PROBLEM DESCRIPTION | Repeat the data as given. Images do not go in the copy.

PROVIDED DATA |
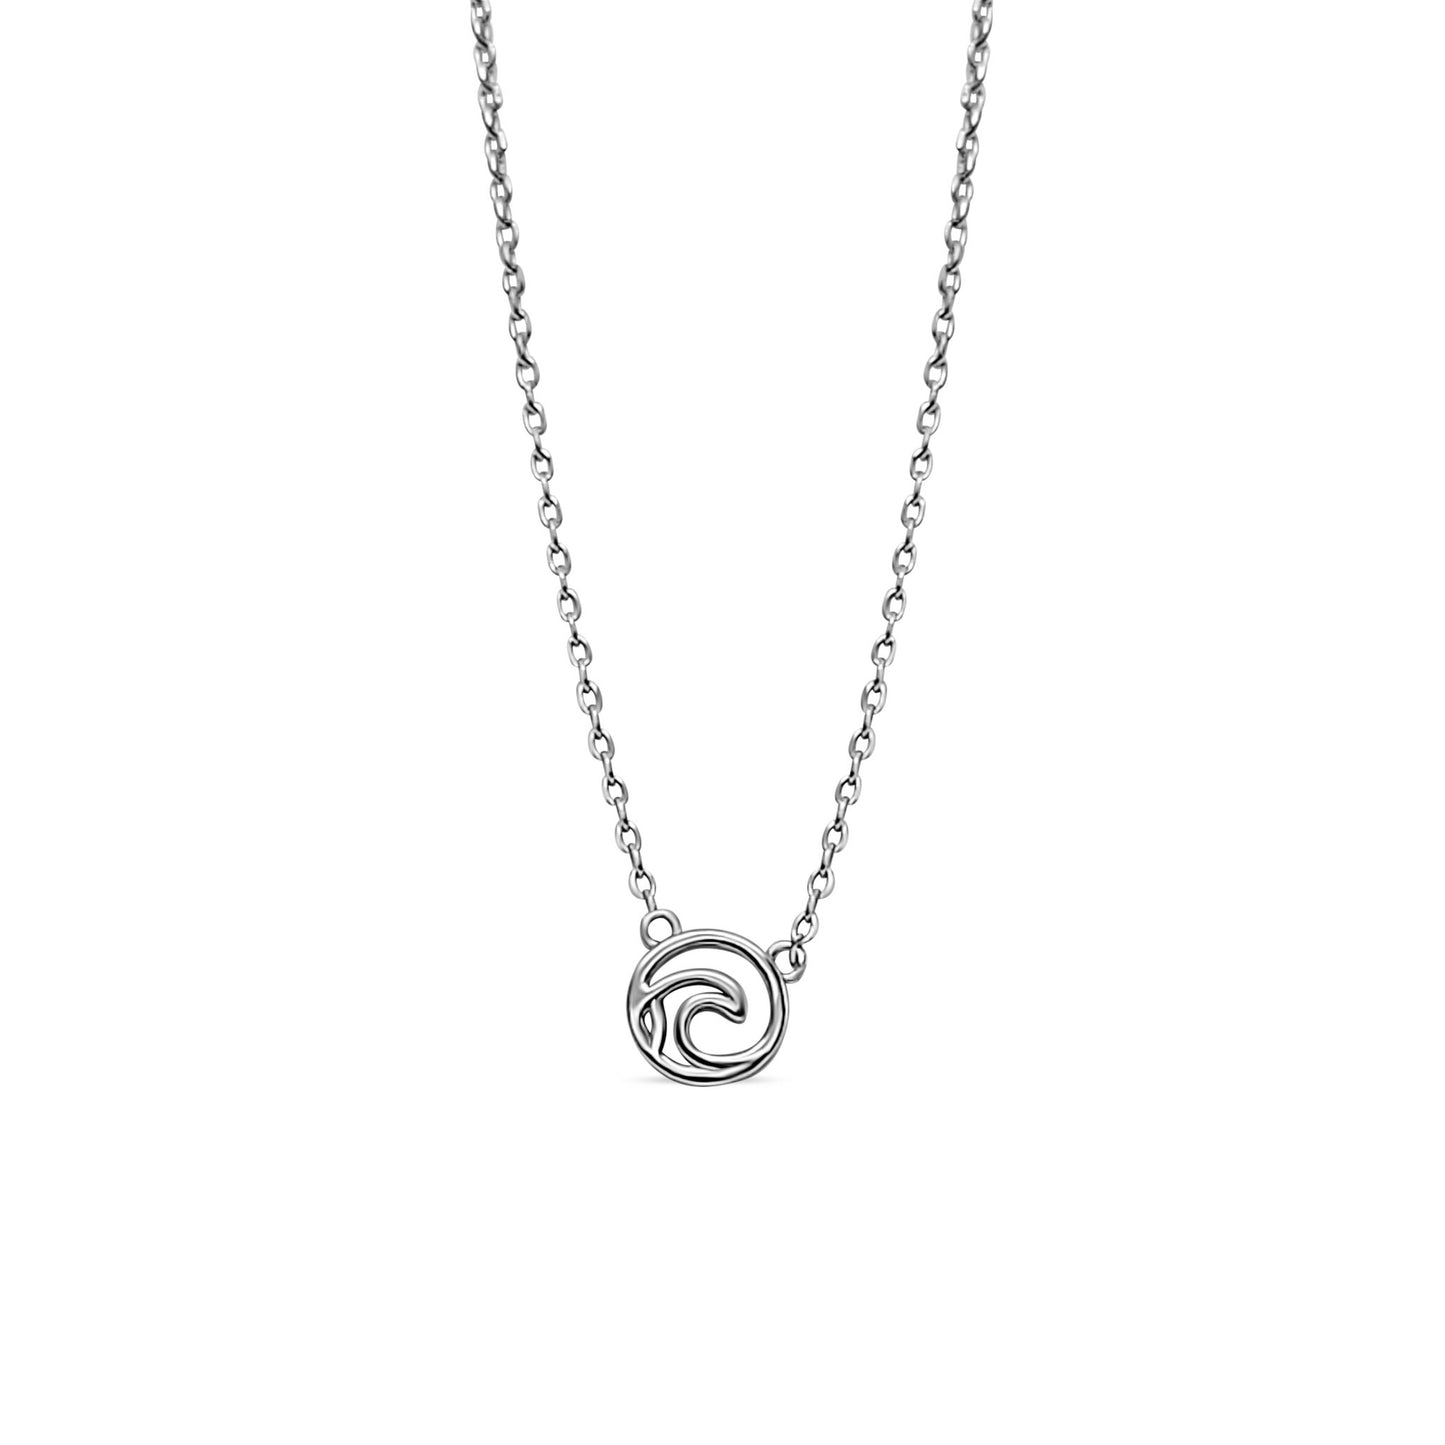 sterling silver Tofino ocean wave adjustable necklace 
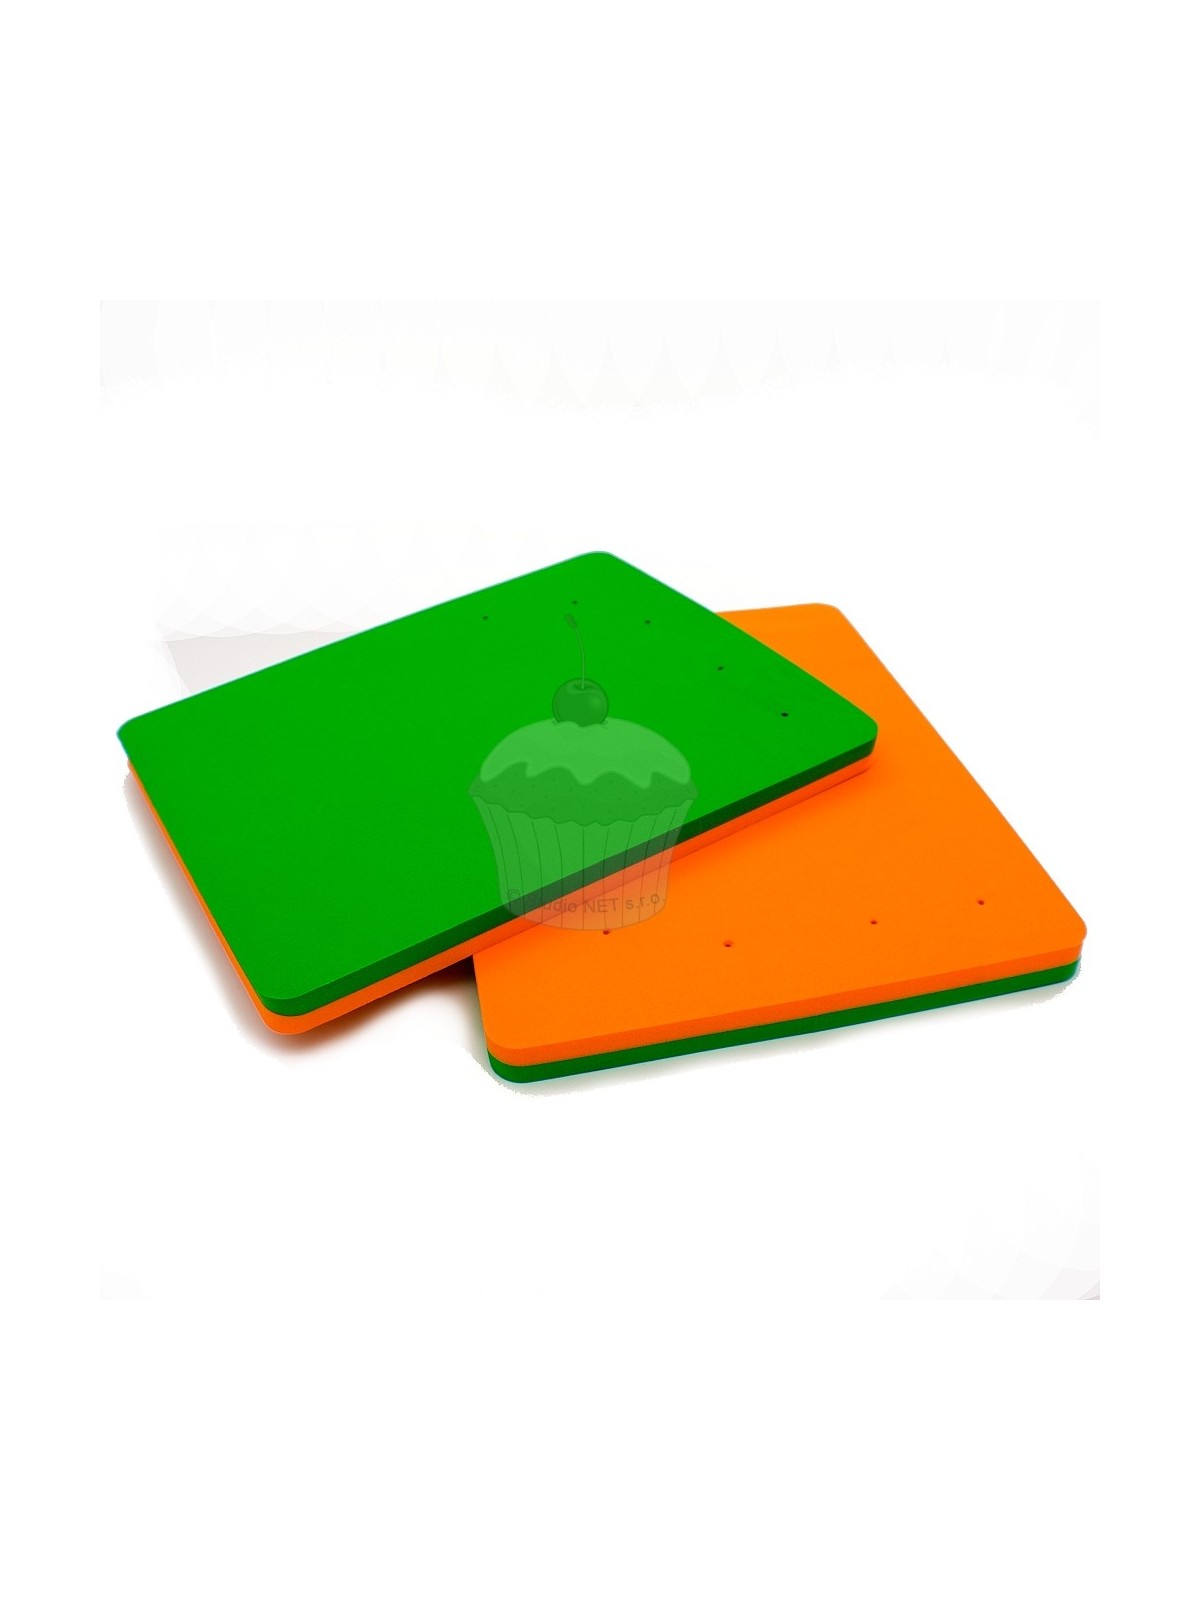 Modellierplatte - orange - grün
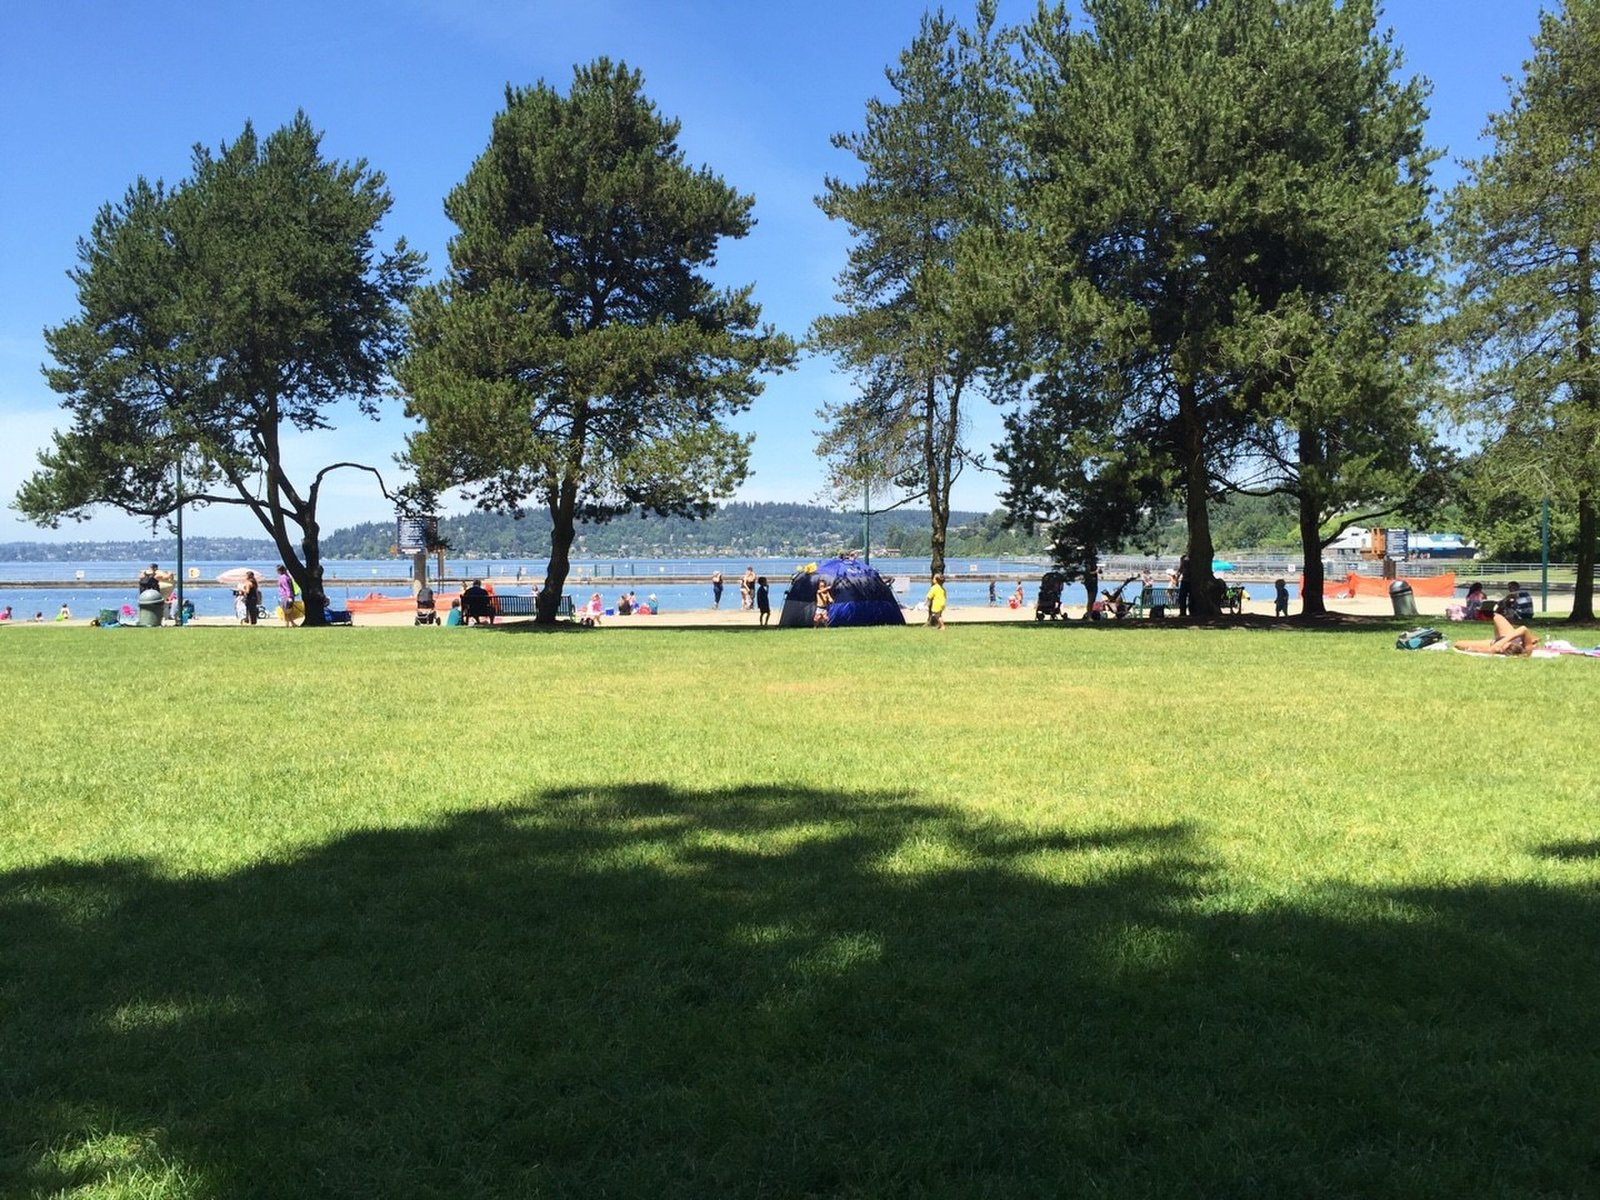 ピザ ピクニックデート コスパよし 夏は湖を眺めながらのんびりまったりピクニックデートがおすすめ Playlife プレイライフ
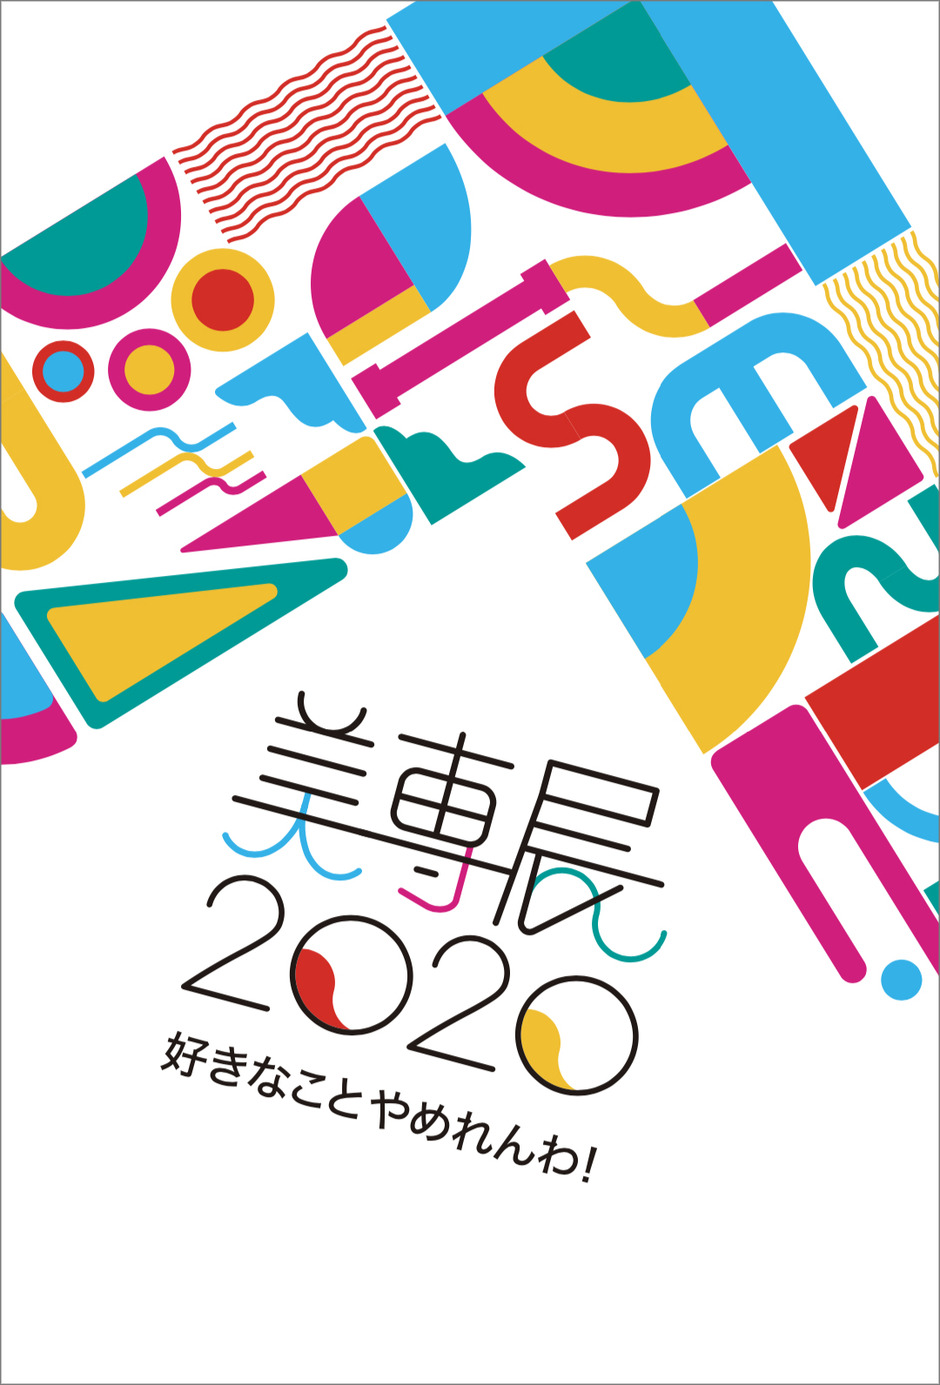 ２/28(金)〜3/1(日)、美専展2020を開催します

EXERCISE RESULT |
 sterling silver Tofino ocean wave adjustable necklace 
 Modellierplatte - orange - grün
 ピザ ピクニックデート コスパよし 夏は湖を眺めながらのんびりまったりピクニックデートがおすすめ Playlife プレイライフ
 ２/28(金)〜3/1(日)、美専展2020を開催します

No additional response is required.